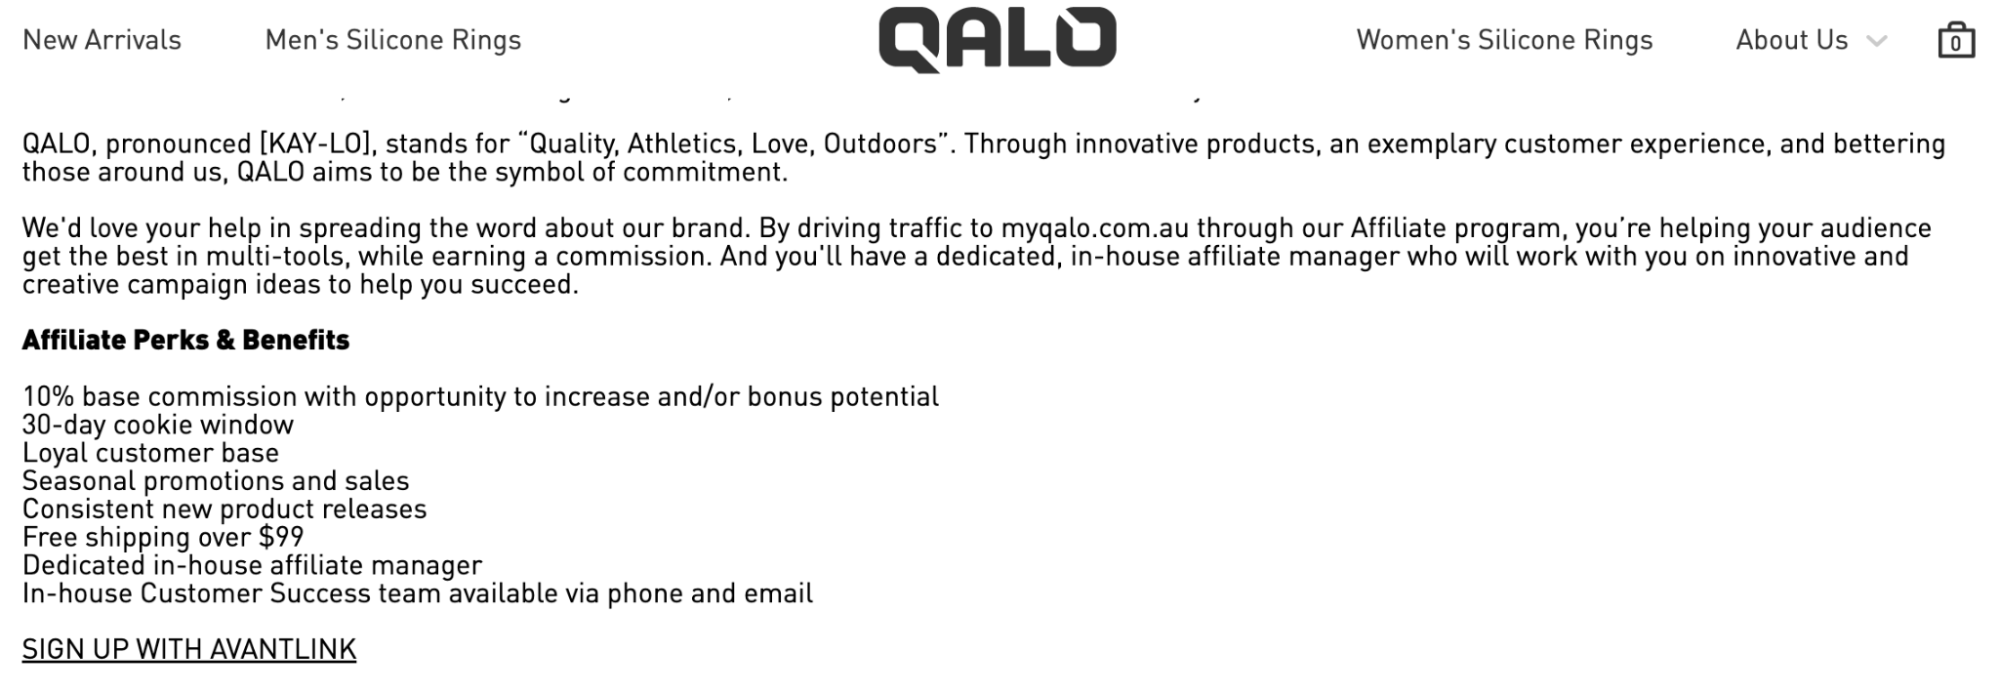 QALO affiliate program webpage with information on affiliate perks and benefits.
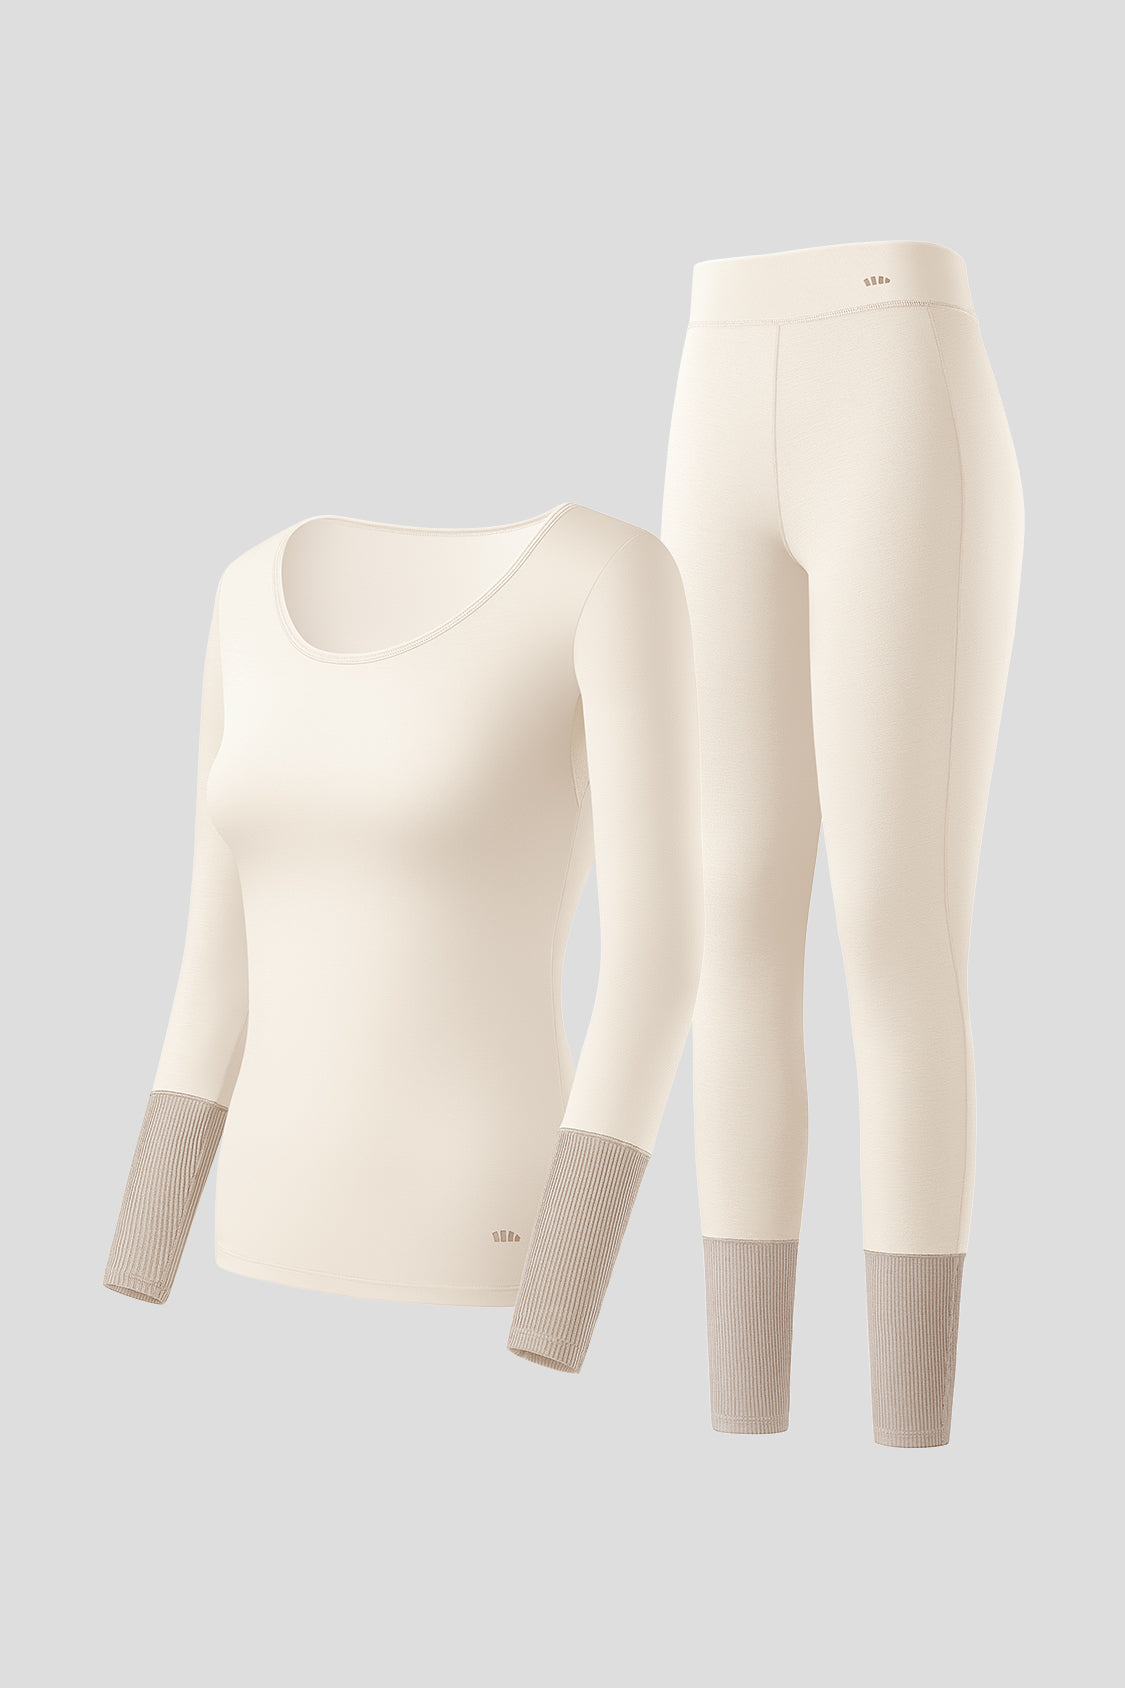 Thermal Underwear Women Plus Set 70% Silk And 30% Cotton Long Johns In  Sizes M XL SG381 201027 From Lu01, $37.87
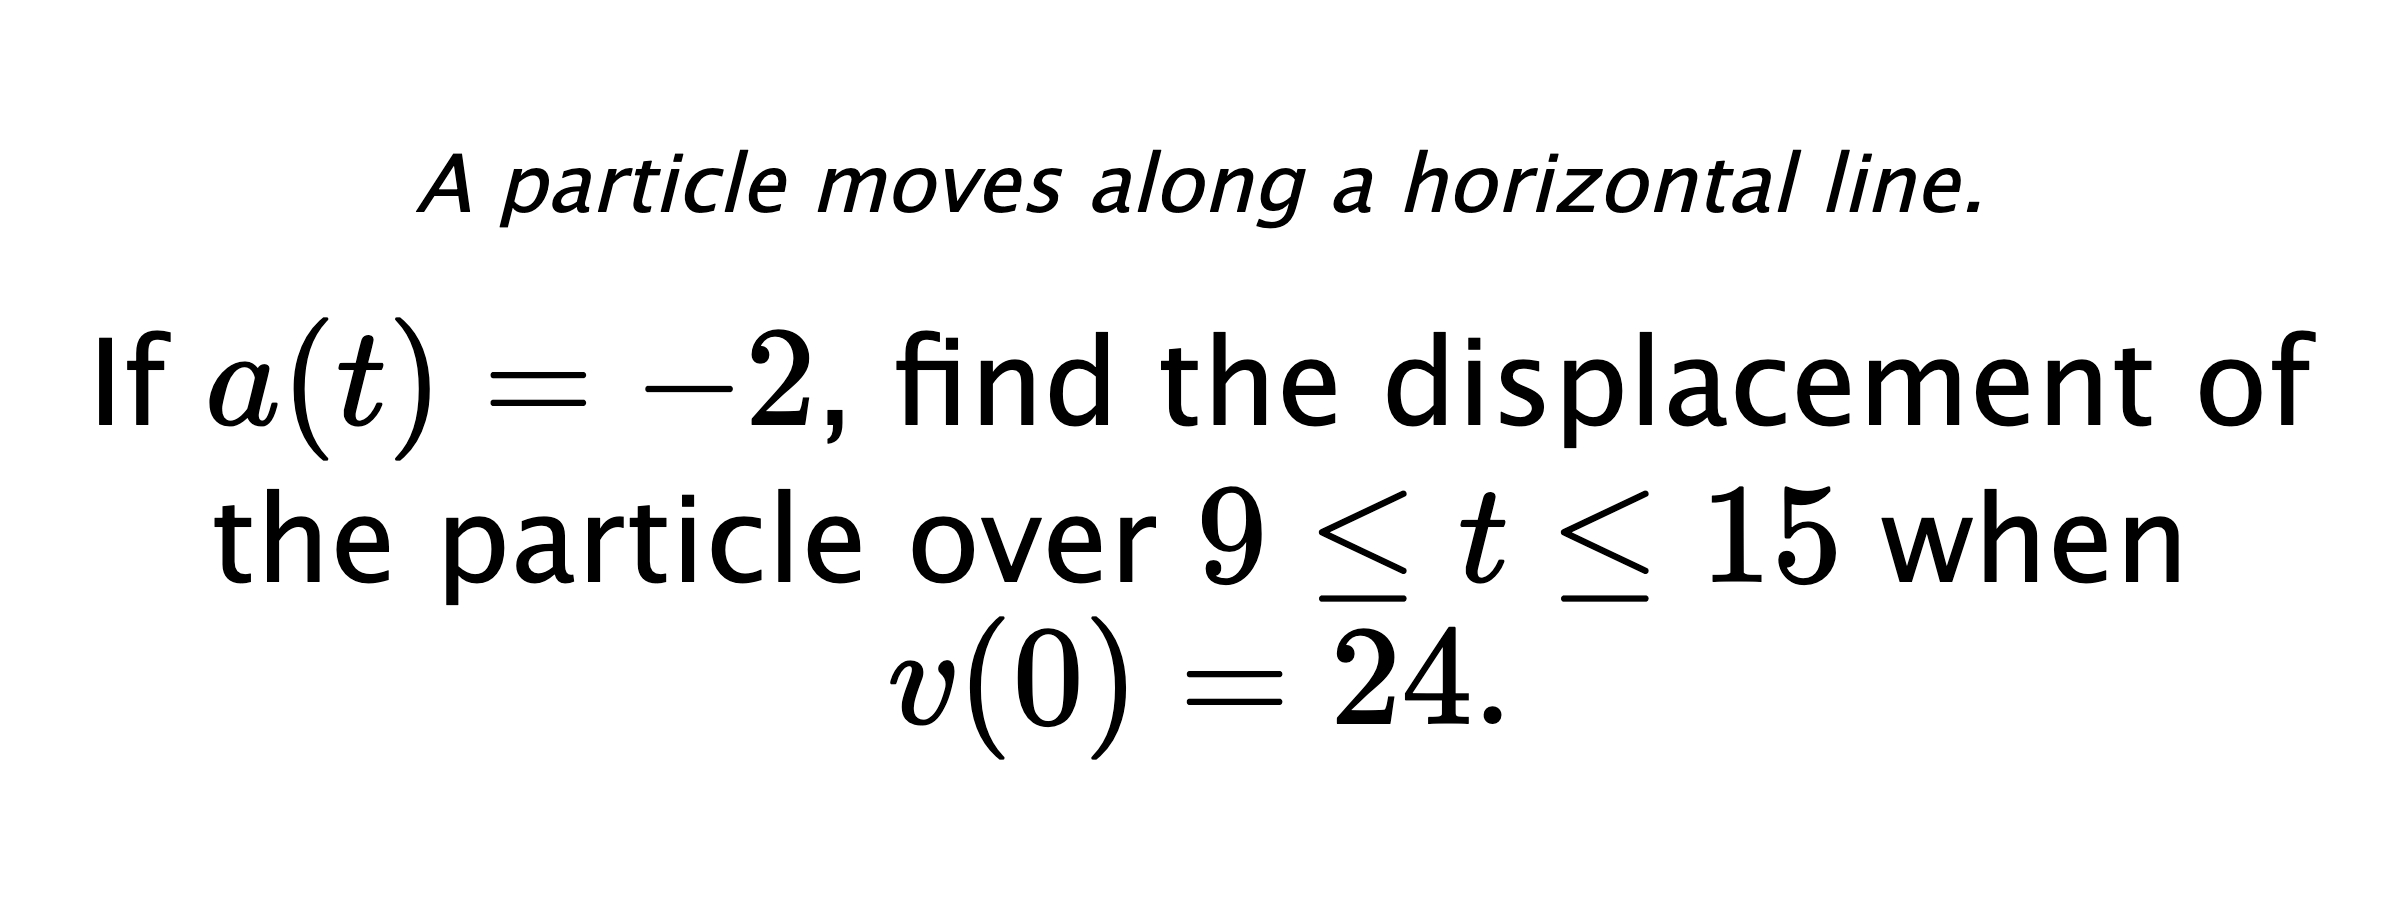 A particle moves along a horizontal line. If $ a(t)=-2 $, find the displacement of the particle over $ 9 \leq t \leq 15 $ when $ v(0)=24 .$

───

* _Exercise prompt_: Omit the pictures and repeat the rest of the listing verbatim.

* _Solution to the problem_:
 QALO affiliate program webpage with information on affiliate perks and benefits.
 Thermal Underwear Women Plus Set 70% Silk And 30% Cotton Long Johns In  Sizes M XL SG381 201027 From Lu01, $37.87
 A particle moves along a horizontal line. If $ a(t)=-2 $, find the displacement of the particle over $ 9 \leq t \leq 15 $ when $ v(0)=24 .$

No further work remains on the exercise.